AVAILABLE DATA:

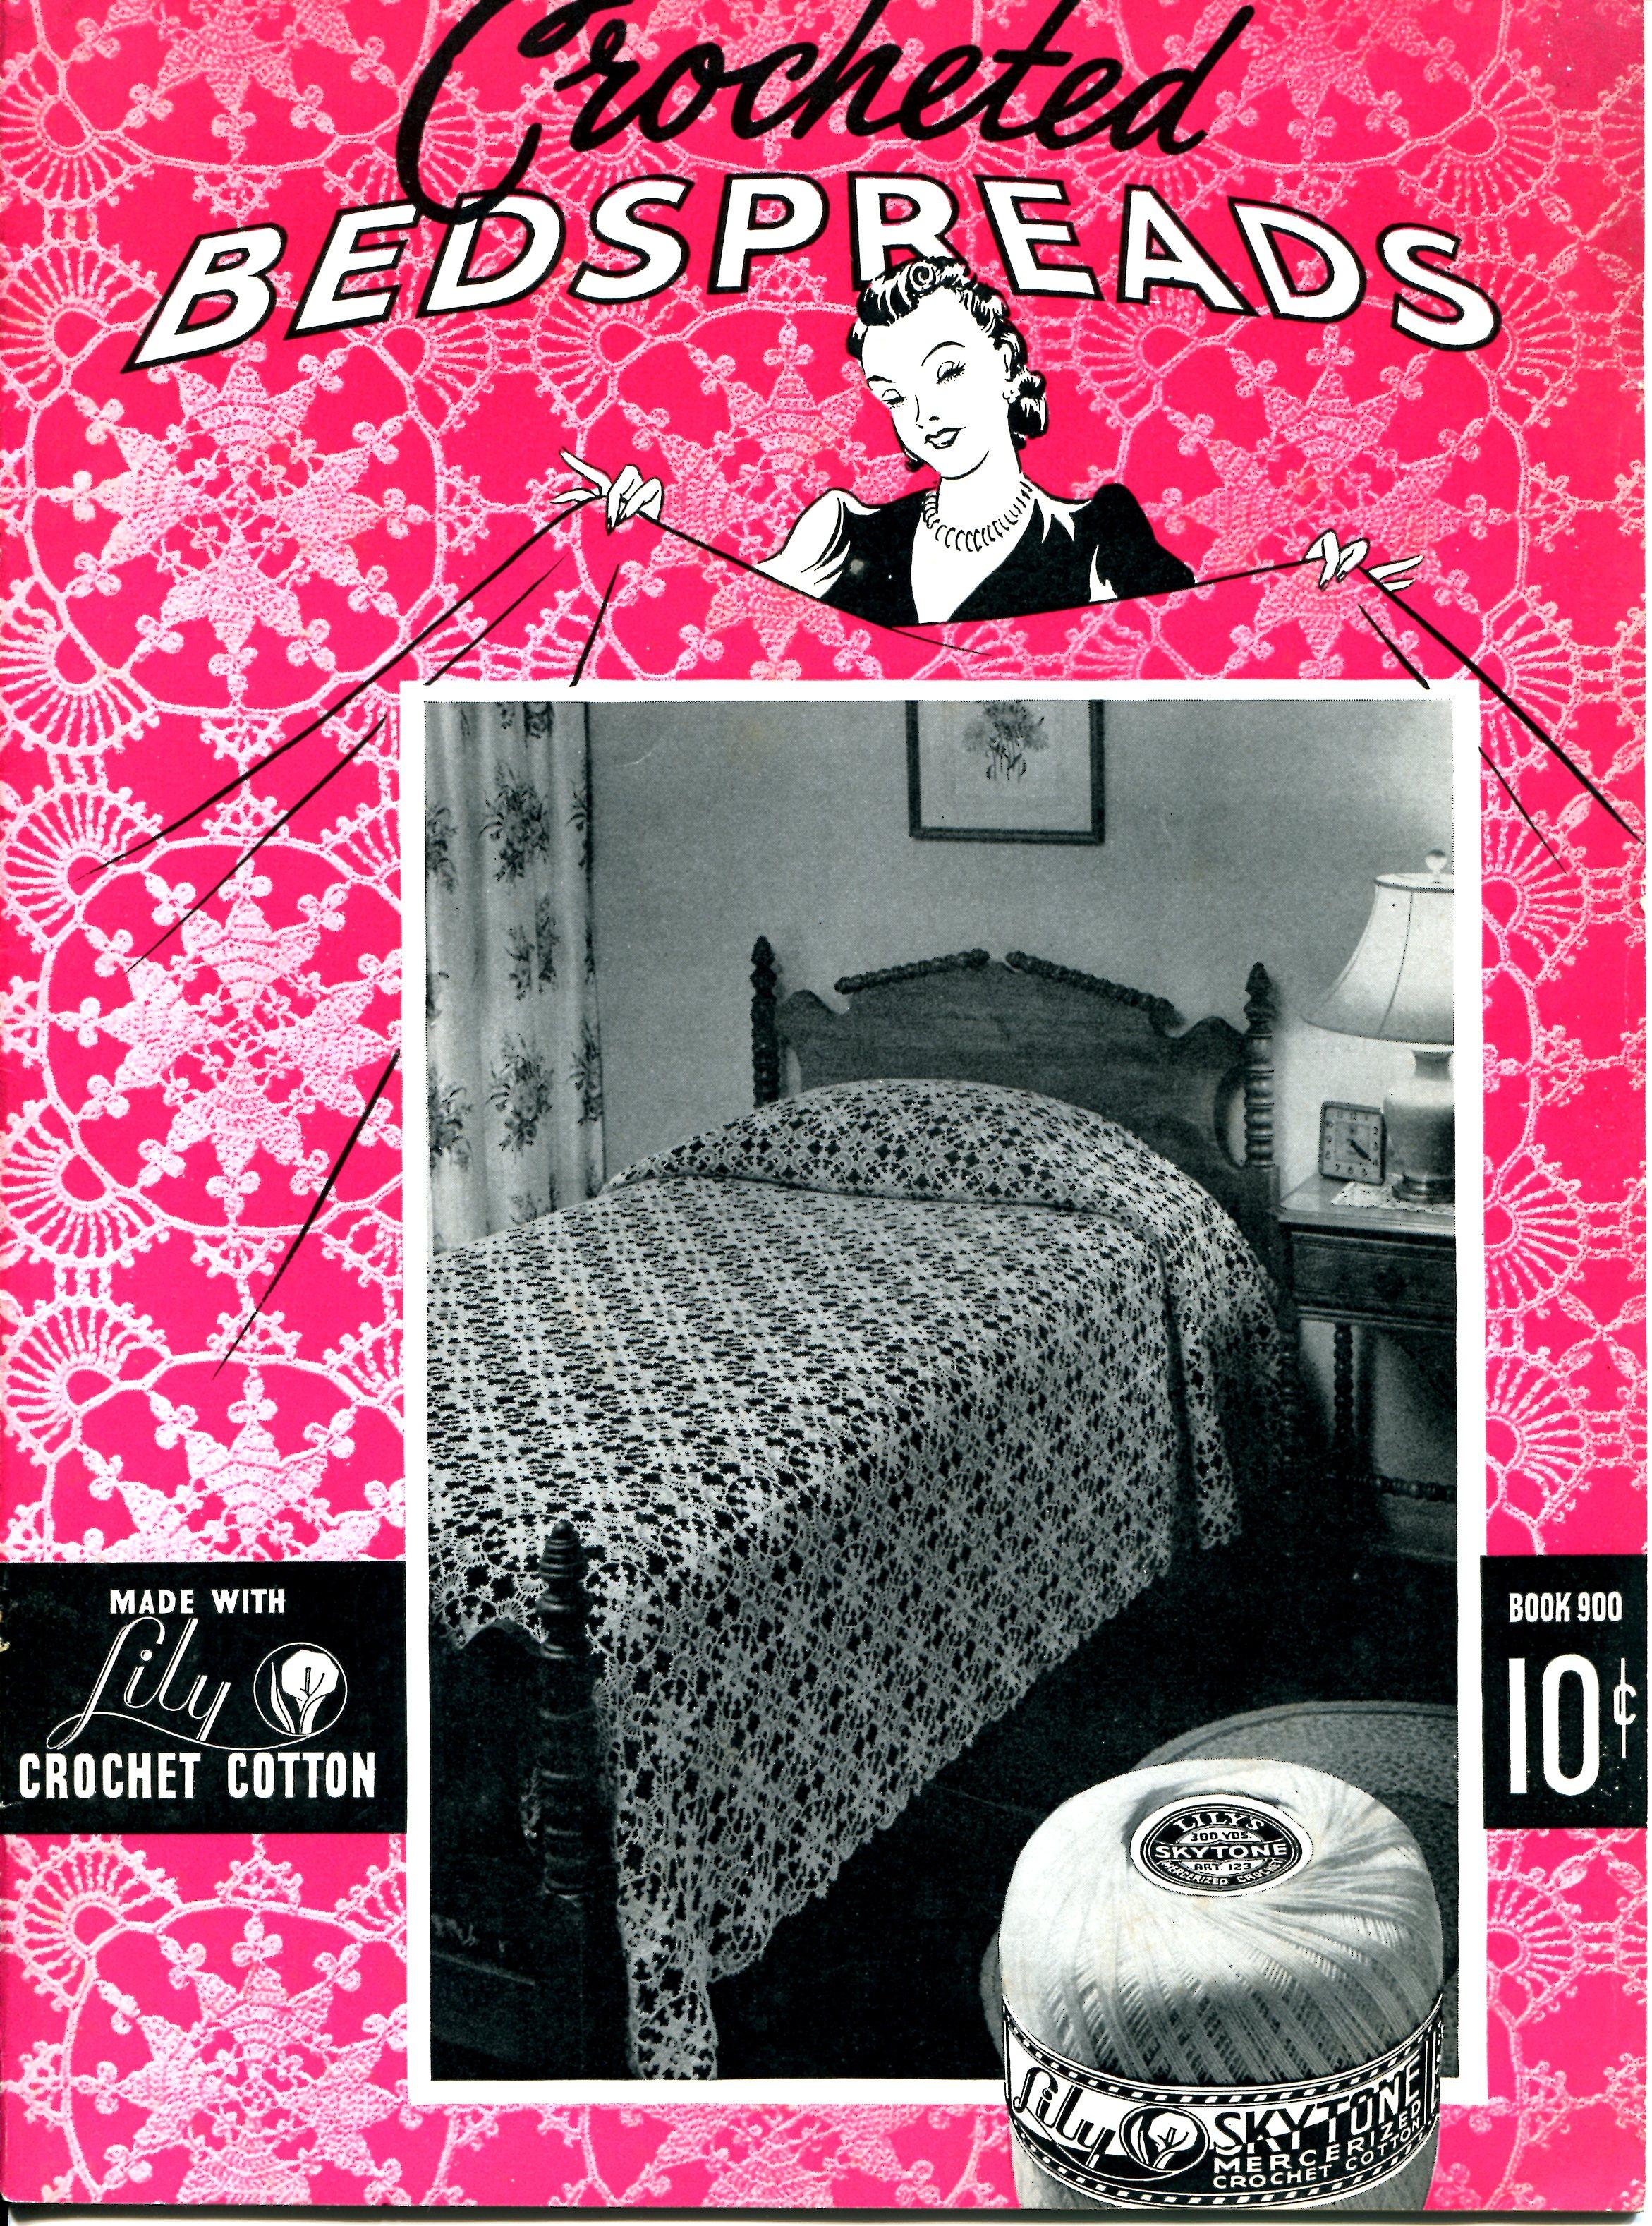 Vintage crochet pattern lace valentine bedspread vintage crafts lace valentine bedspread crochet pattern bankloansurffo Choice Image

==

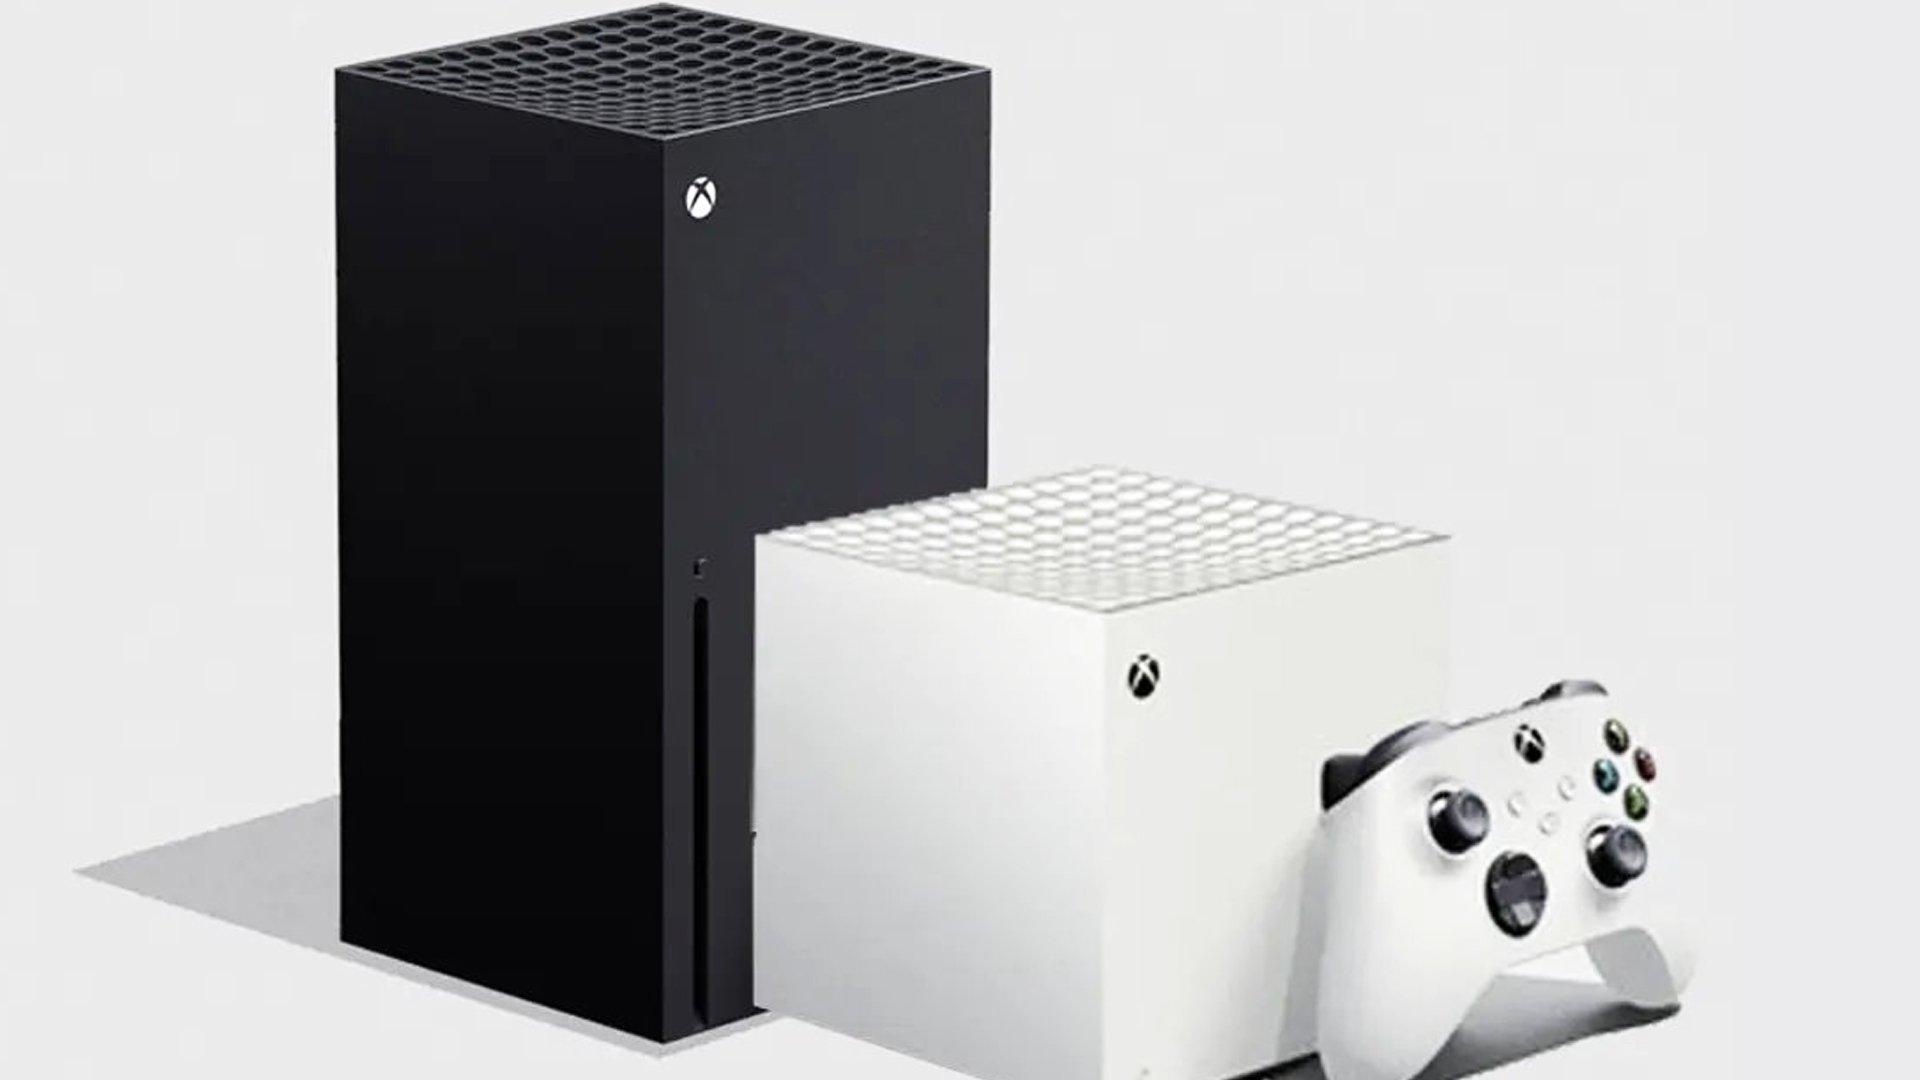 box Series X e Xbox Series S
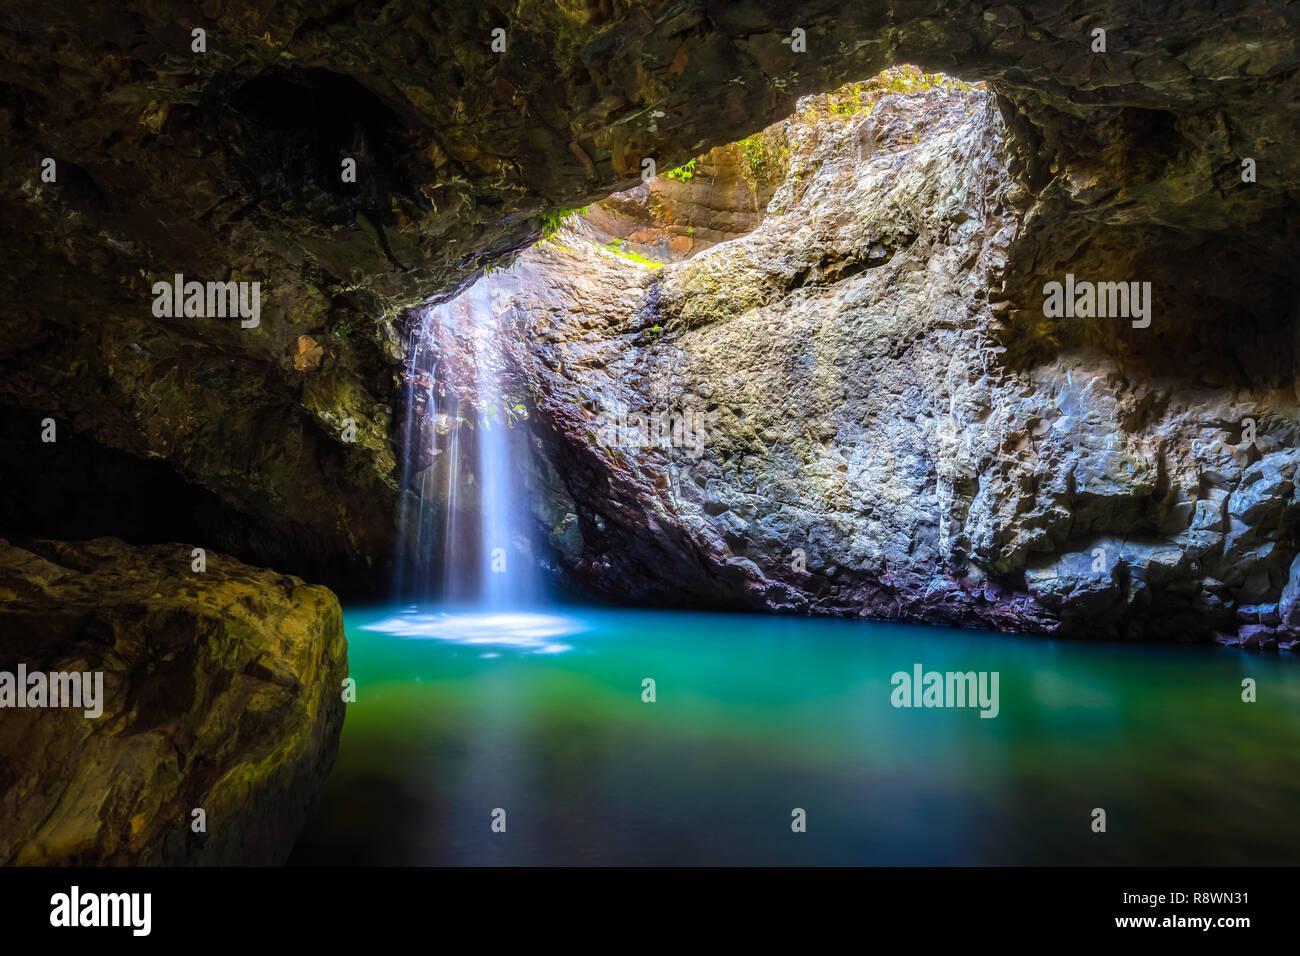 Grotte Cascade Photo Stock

--

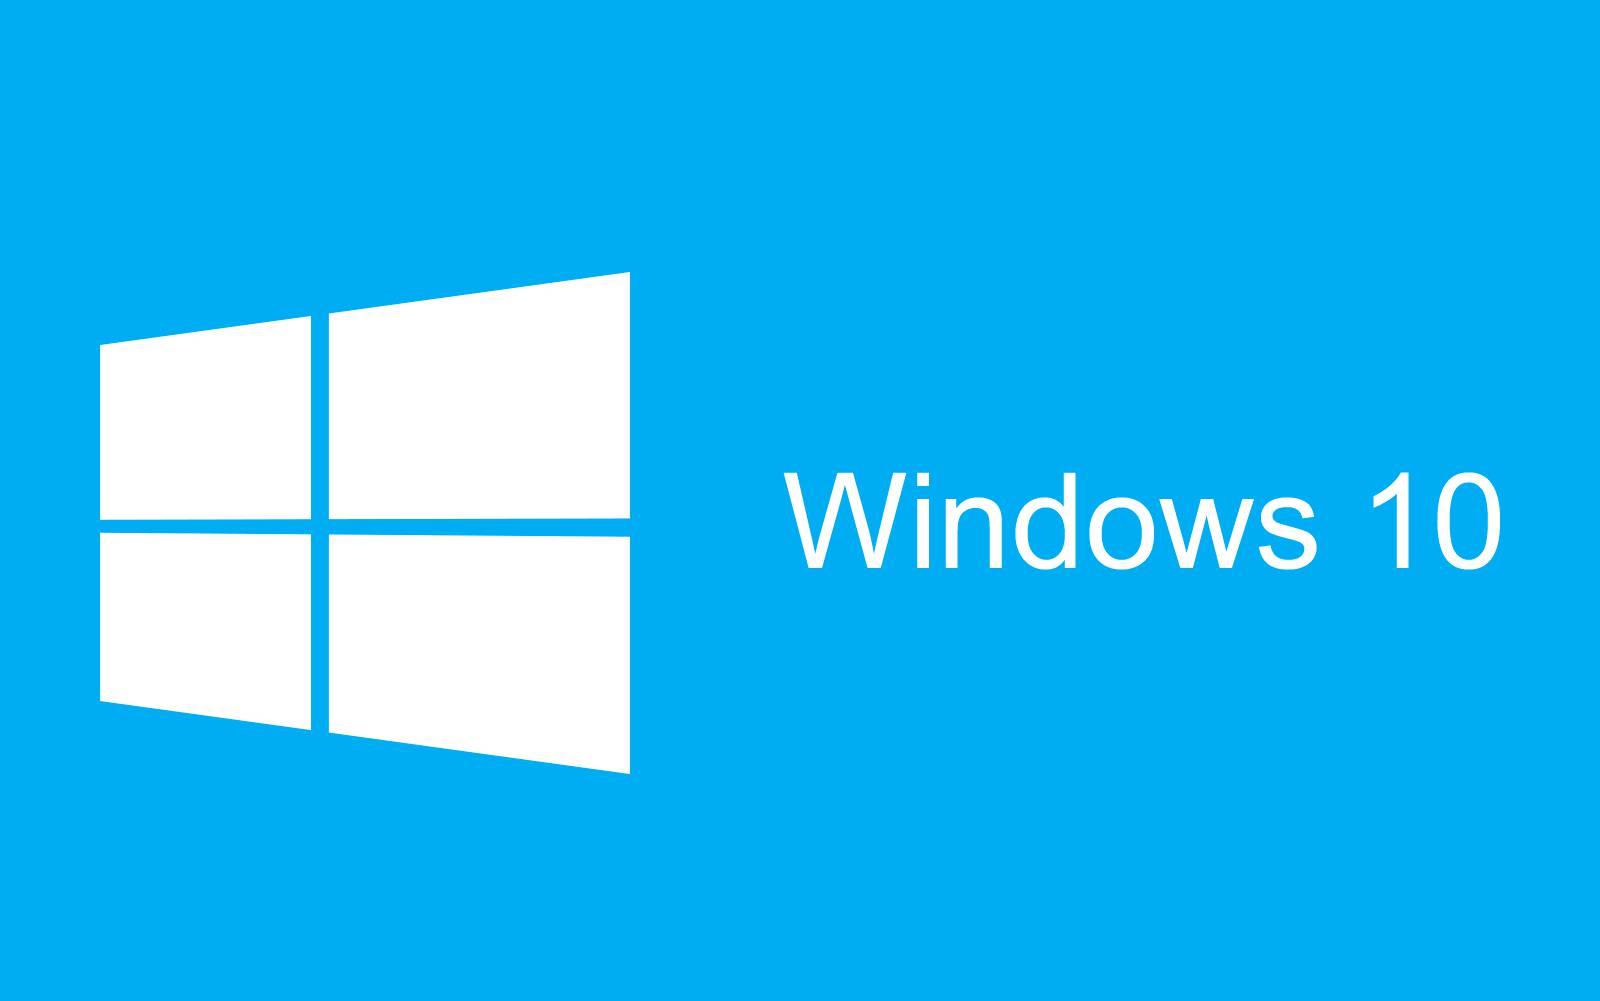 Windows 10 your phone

INSTRUCTIONS TO FOLLOW: Reproduce, exactly and only, the lines of the records above starting at the line with "box Series X e Xbox Series S" and ending at the line with "Grotte Cascade Photo Stock", both included. Leave every picture out.

ANSWER FOR THE TASK:
 box Series X e Xbox Series S
 Grotte Cascade Photo Stock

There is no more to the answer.